■ **SOURCE DATA**
=== Section Start ===
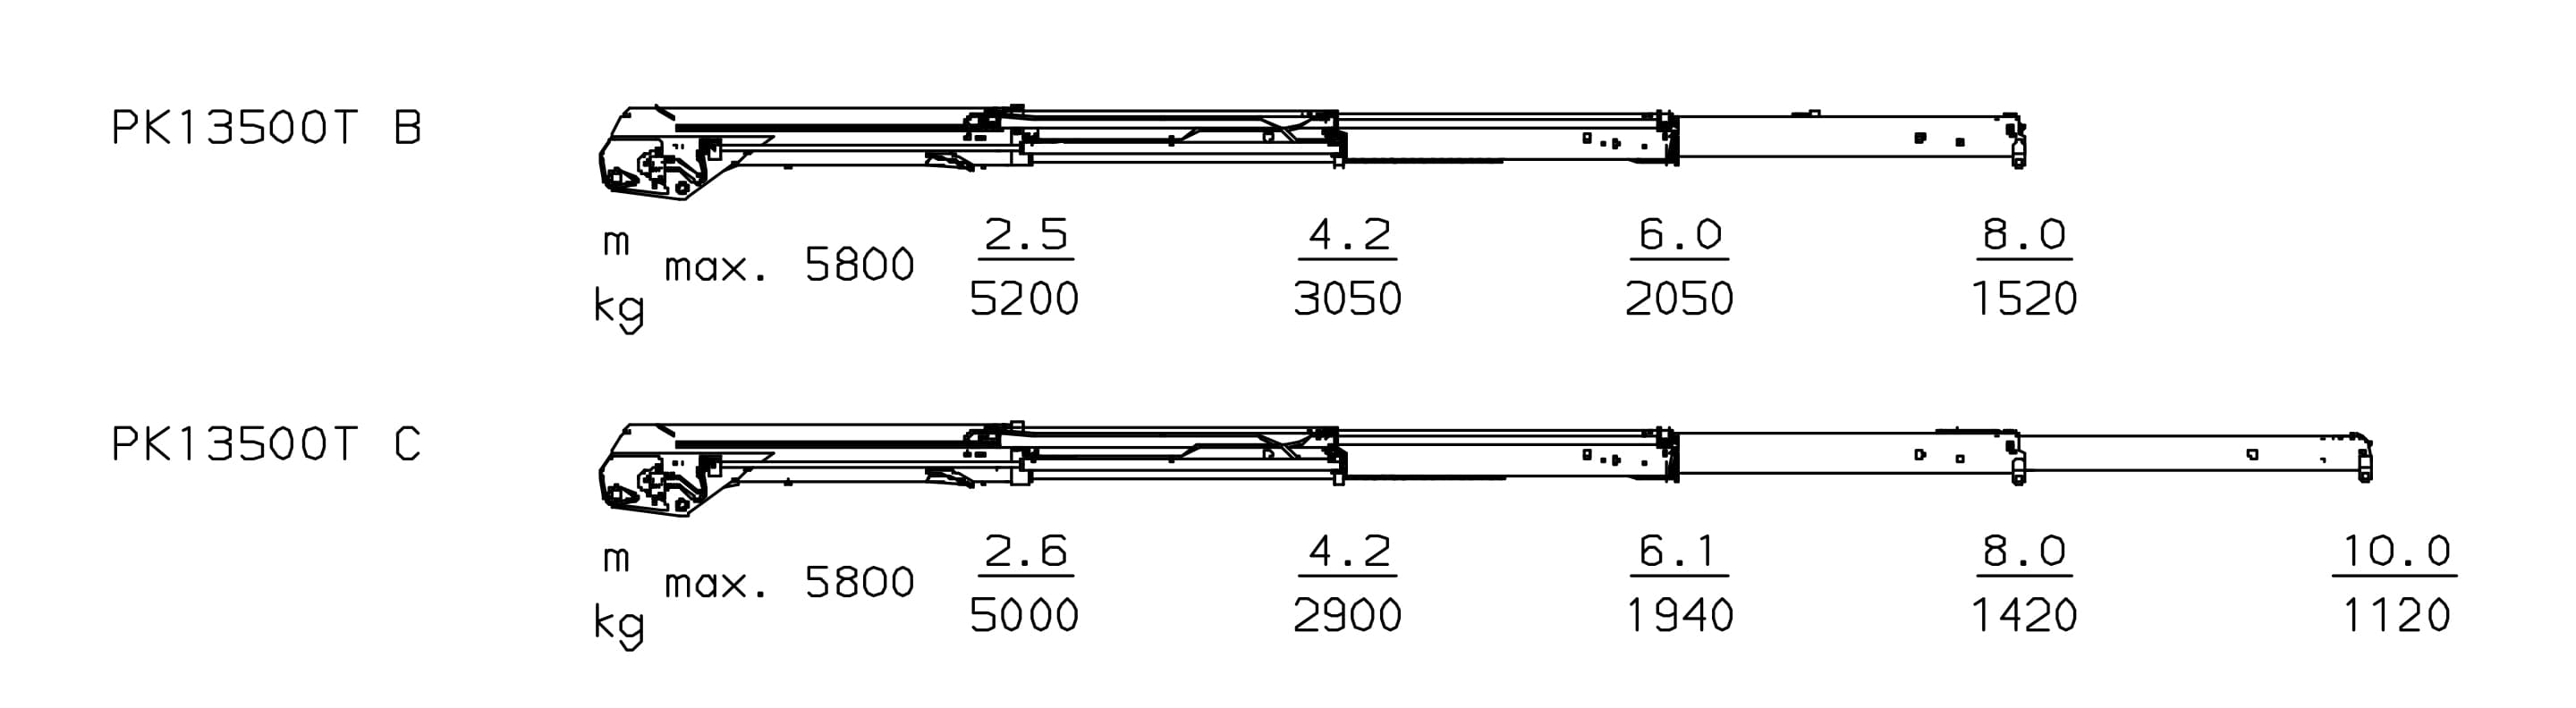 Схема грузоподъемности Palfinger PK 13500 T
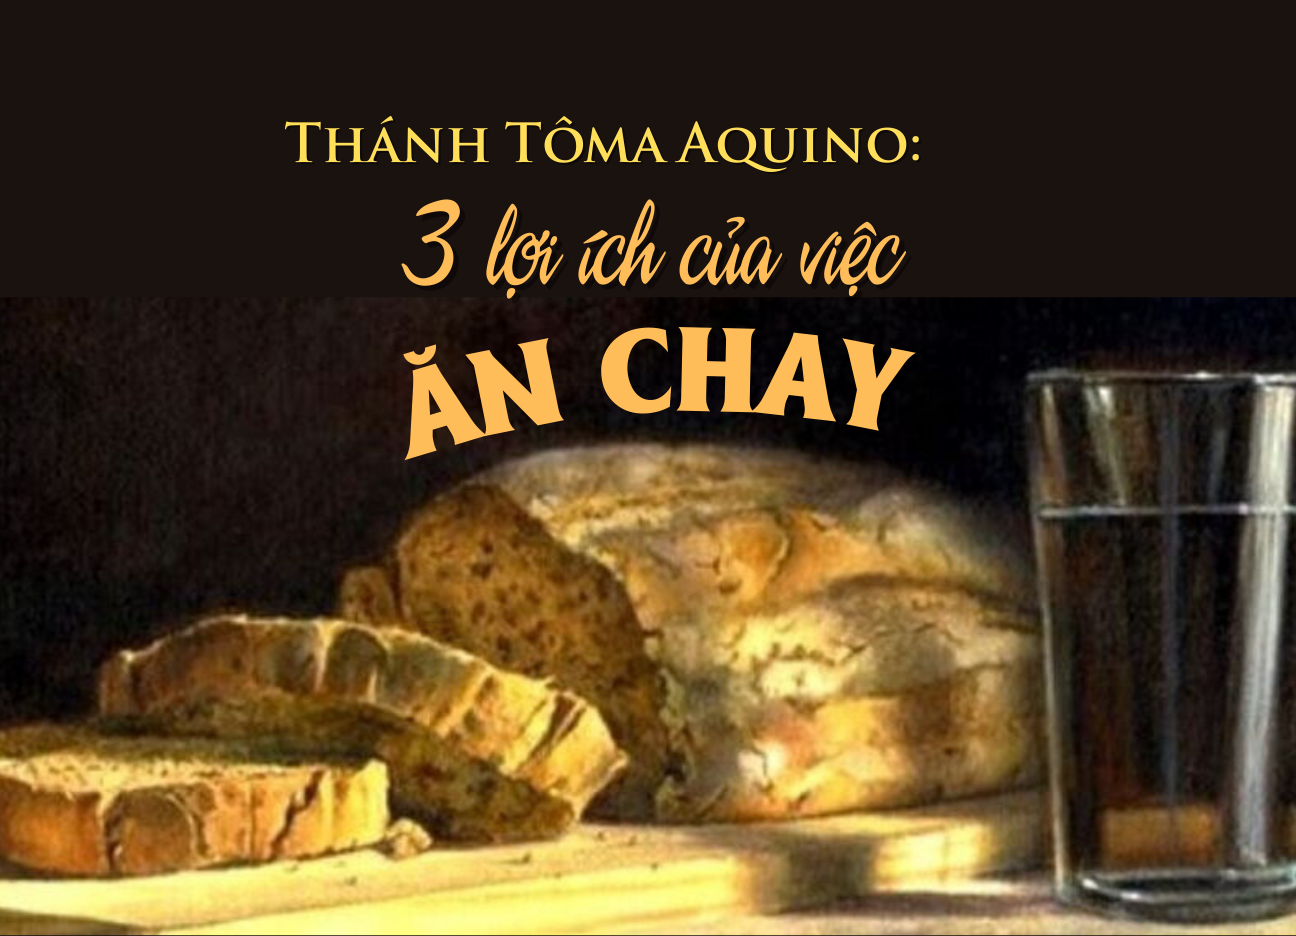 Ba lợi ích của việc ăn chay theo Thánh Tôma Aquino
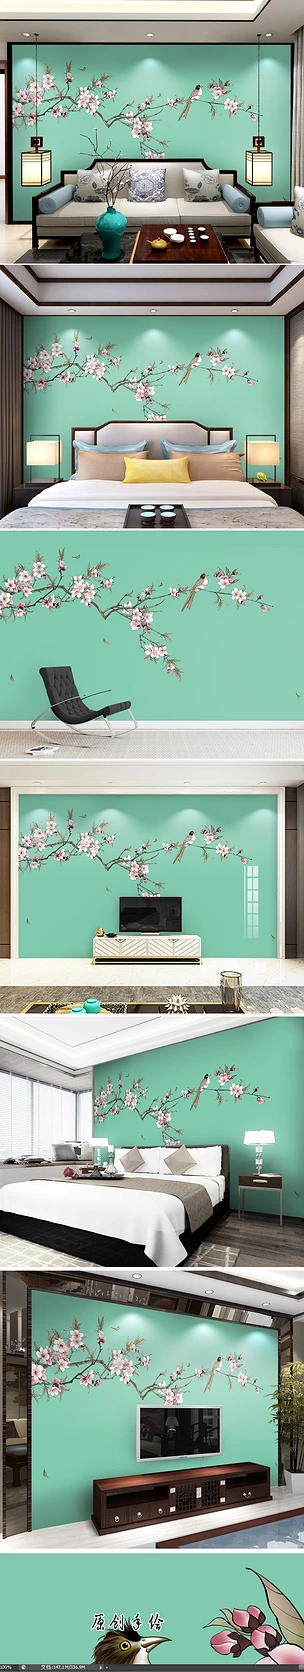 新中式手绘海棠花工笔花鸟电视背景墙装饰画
=== Section End ===
■ **TASK**
"Ba lợi ích của" marks the first line to be returned; return exactly that line and every line after it through the last line of the listing, omitting pictures.

■ **SOLUTION TO THIS PROBLEM**
 Ba lợi ích của việc ăn chay theo Thánh Tôma Aquino
 新中式手绘海棠花工笔花鸟电视背景墙装饰画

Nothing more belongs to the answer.